И опять Ушакову увиделась эта жизнь не столь простой и ясной. Знал, что латиняне против веры православной интриги плетут. Но, чтобы убийства тысячные и резню учиняли, не согласовывалось с его понятием о Европе... Да, он вступал на земли, где была великая история, где сплетались судьбы народов разных, где рождалось их величие, где заходило их солнце, чтобы когда-нибудь взойти вновь. Берется ли все сие для учета правителями сих земель? Спросил о том драгомана. Тот к Ушакову проникся и доверительно и тихо сказал:
— Начнись война — все греки за вами будут.
— Ну а те, что под французами на островах венецианских, они нас поддержат или французов?
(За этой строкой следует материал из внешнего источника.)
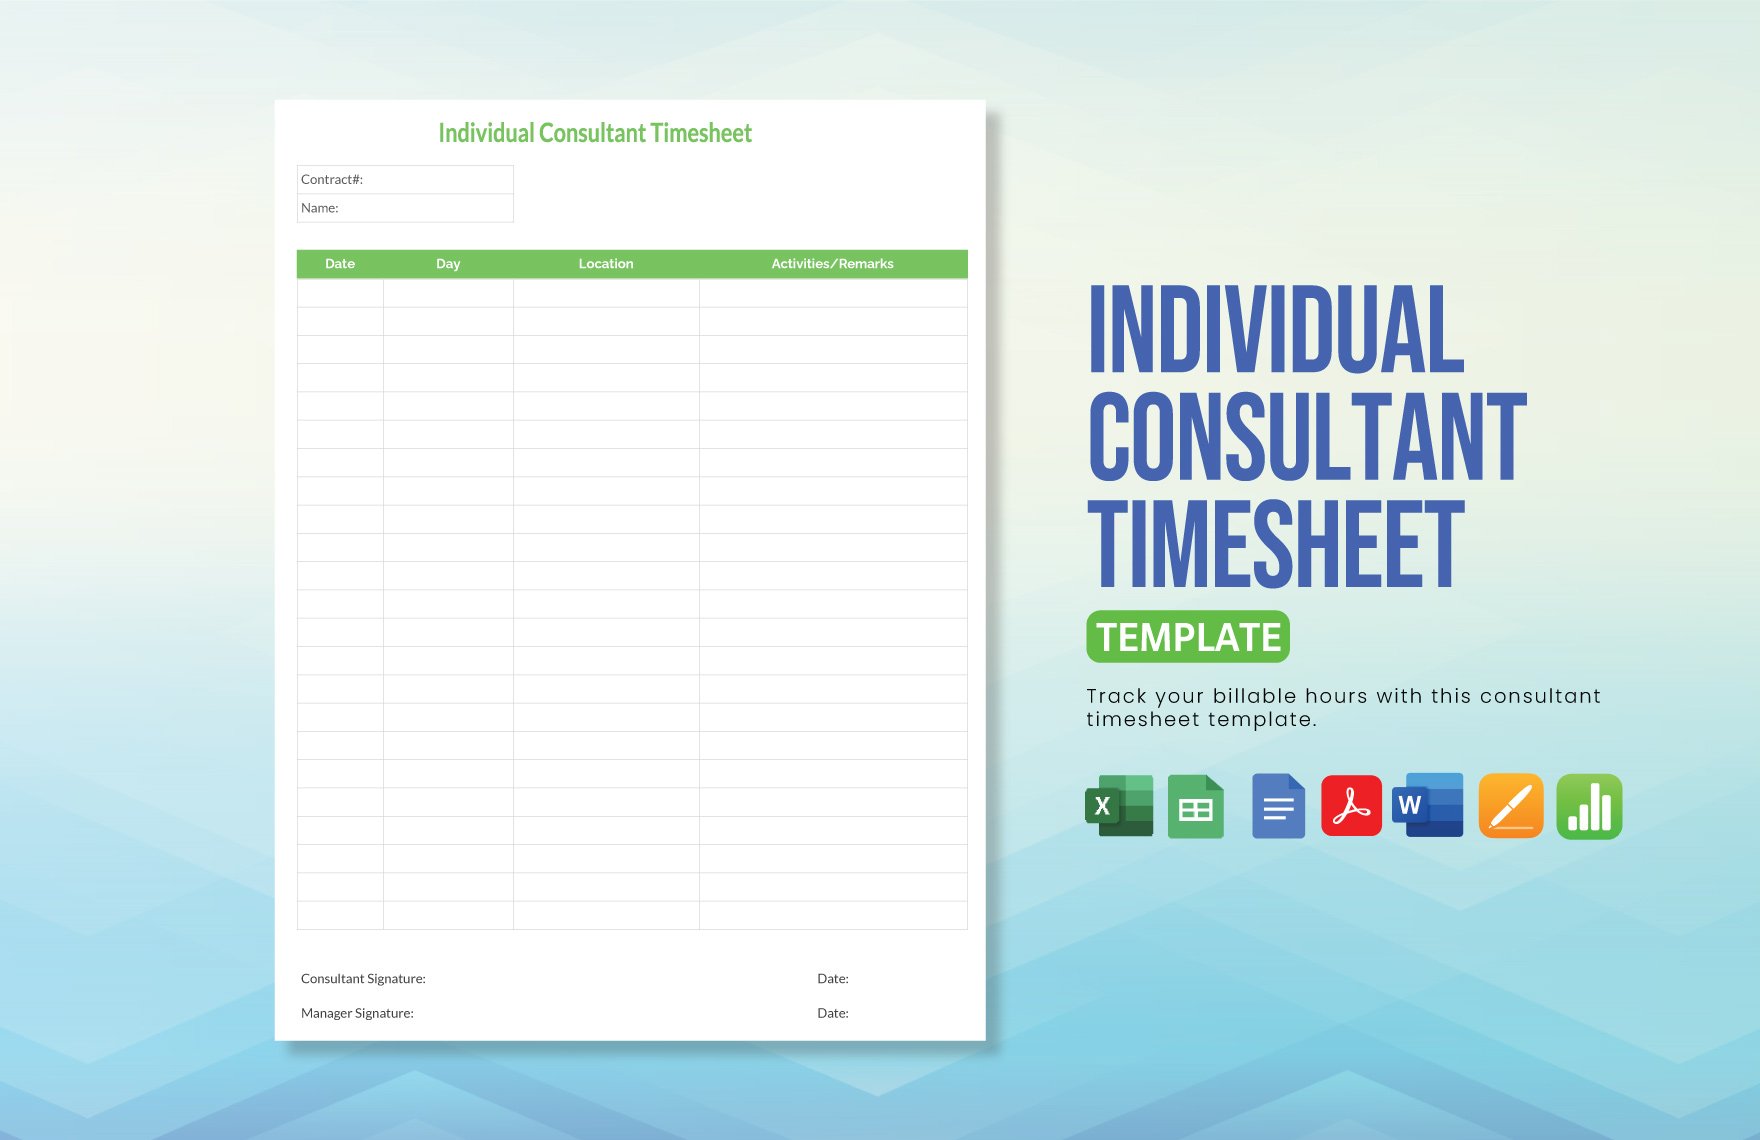 Individual Consultant Timesheet Template in Word, Google Docs, Excel, PDF, Google Sheets, Apple Pages, Apple Numbers

Драгоман не сразу понял, почему адмирал задал вопрос. Подумал, пожал плечами:
— У них там другие порядки. Кого они там поддерживают, бог знает.
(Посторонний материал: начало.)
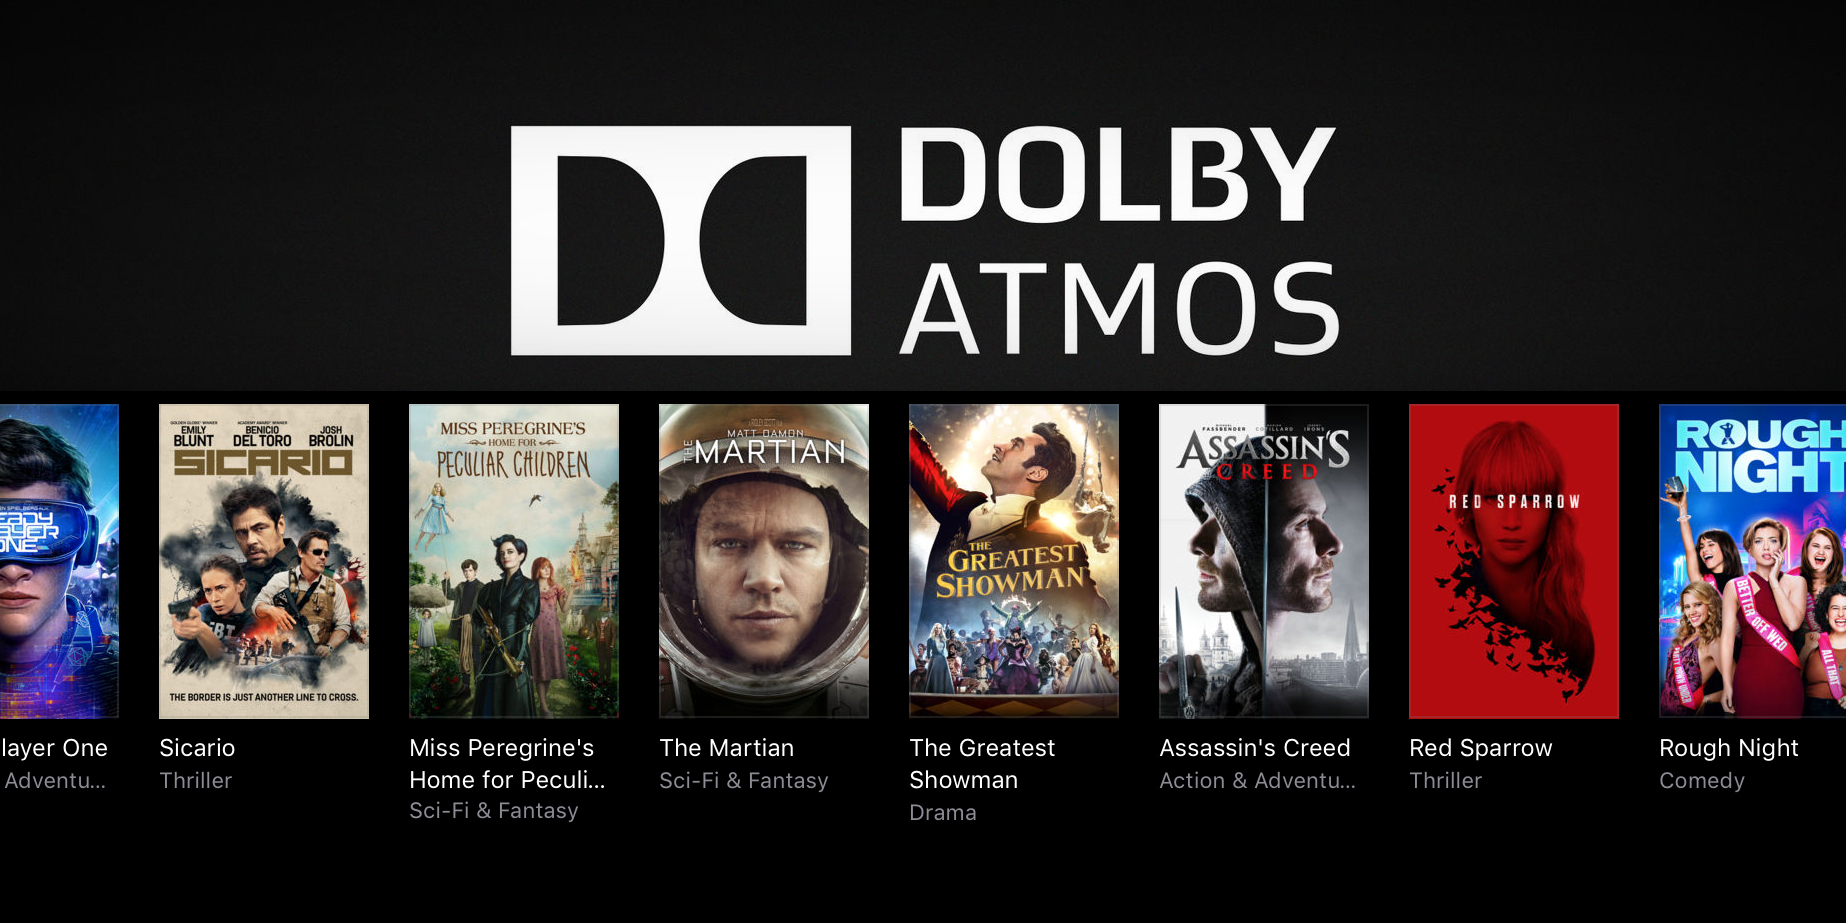 Meaning atmos cinema Dolby Atmos

Поехали дальше молча. Впечатление от Константинополя вблизи было другое, чем с корабля. Срывавшийся ветер несколько раз поднимал тучи пыли, улицы были дурно вымощены, завалены грязью, носильщики спотыкались, все чаще останавливались, чтобы сменить друг друга. Не понравился ему и Сераль. Вблизи представился он как беспорядочный сбор домов, мечетей, башен, казарм, бань и садов.
— Там, внутри, есть еще крепостная стена и ворота, за которыми знаменитое здание дивана. В третий двор почти никто не имеет доступа — то двор султанский.
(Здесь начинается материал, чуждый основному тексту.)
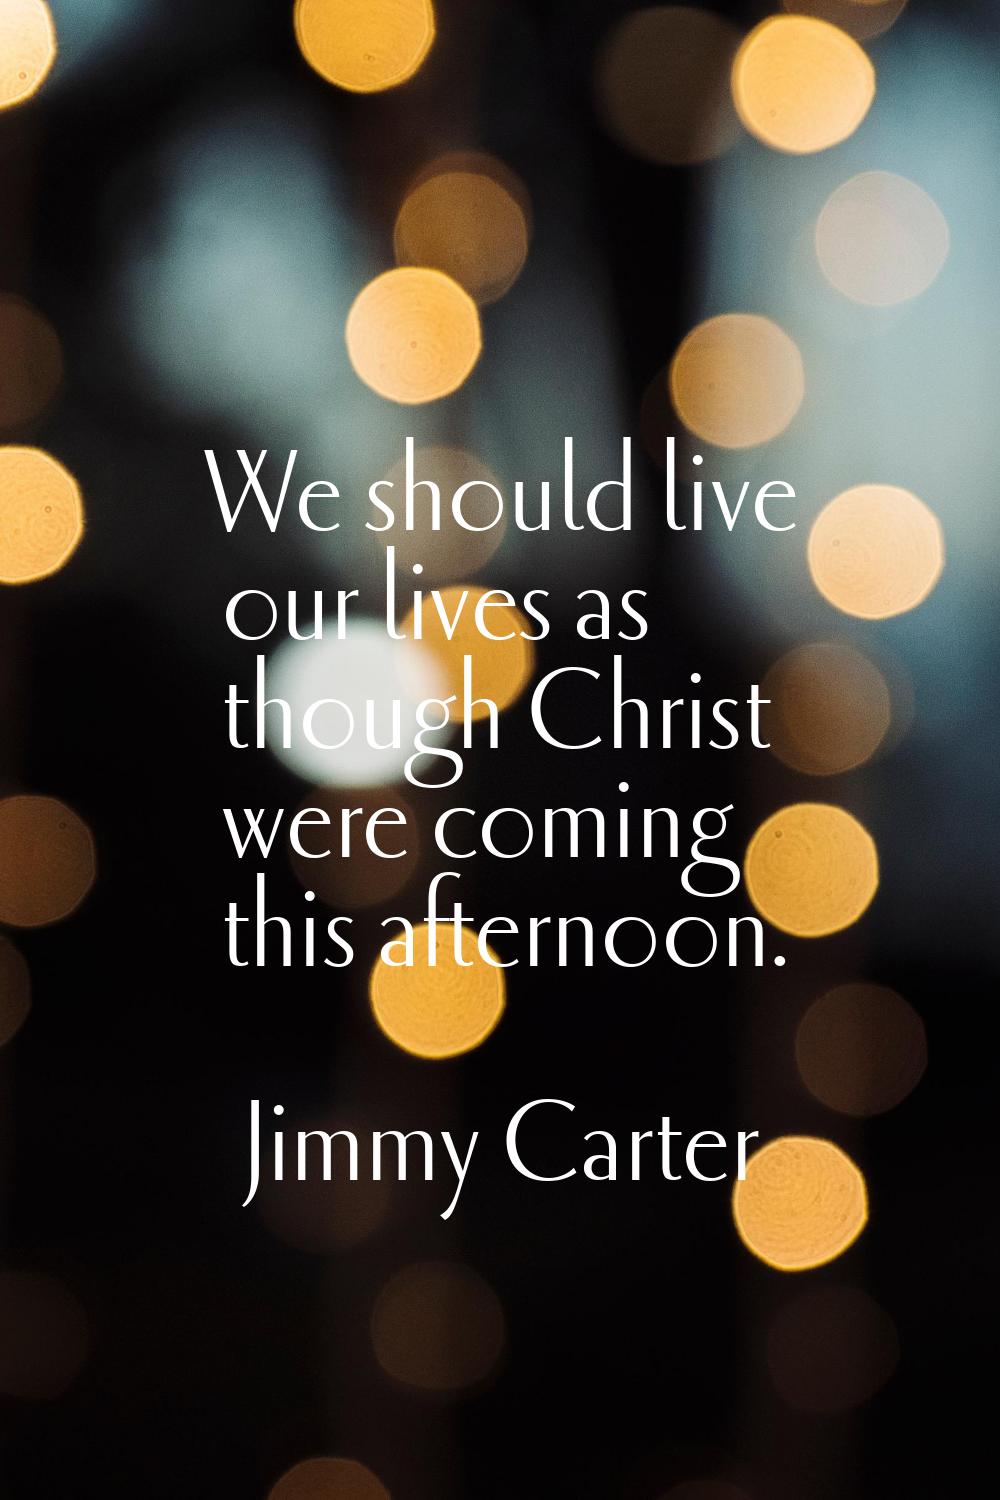 We should live our lives as though Christ were coming this afternoon.

Иностранные посланники проводятся туда через крытый переход из дивана в аудиенц-залу султана.
Подъехали уже в карете к длинной стене с каменными воротами, приостановились.
— Вот за этими дворцовыми Портами и решаются судьбы мира и войны, налогов и походов, иноверцев и посланников иноземных. И, как вы ведаете, титул «Высокая Порта», вроде бы Высокие Ворота, означает правительство султанской Турции.
Горделиво и непреклонно звучало раньше сие название даже для Ушакова, а сейчас поблекло, и просительное что-то было в нем.
У высокой крепостной стены на площади перед мечетью вдруг все затихло. В левом ее углу послышался металлический стук. Нет, то был не барабан, а большой котел, который несли два человека. Впереди них шел в кожаном переднике с оловянными украшениями громадный турок. Он махал плеткой и что-то выкрикивал. Все идущие навстречу сторонились, прижимались к стенам и пропускали его. Ушаков с вопросом взглянул на драгомана.
— Янычары, — негромко пояснил он.
— А котел зачем?
— Ну, котел — штука важная, и похлебка у них серьезное дело. Даже полковник называется Чор-бадже, или разливатель похлебки. Котел же почитается у них за знамя. Когда они выносят его из казармы — это начало какого-то отчаянного предприятия. Что-то и сегодня затеяли.
Ушаков знал, что янычары большую силу при дворе имели, своевольничали, навязывали даже султану решения свои.
— Пошто султан не оградит себя от их разбоя, не разгонит непокорных?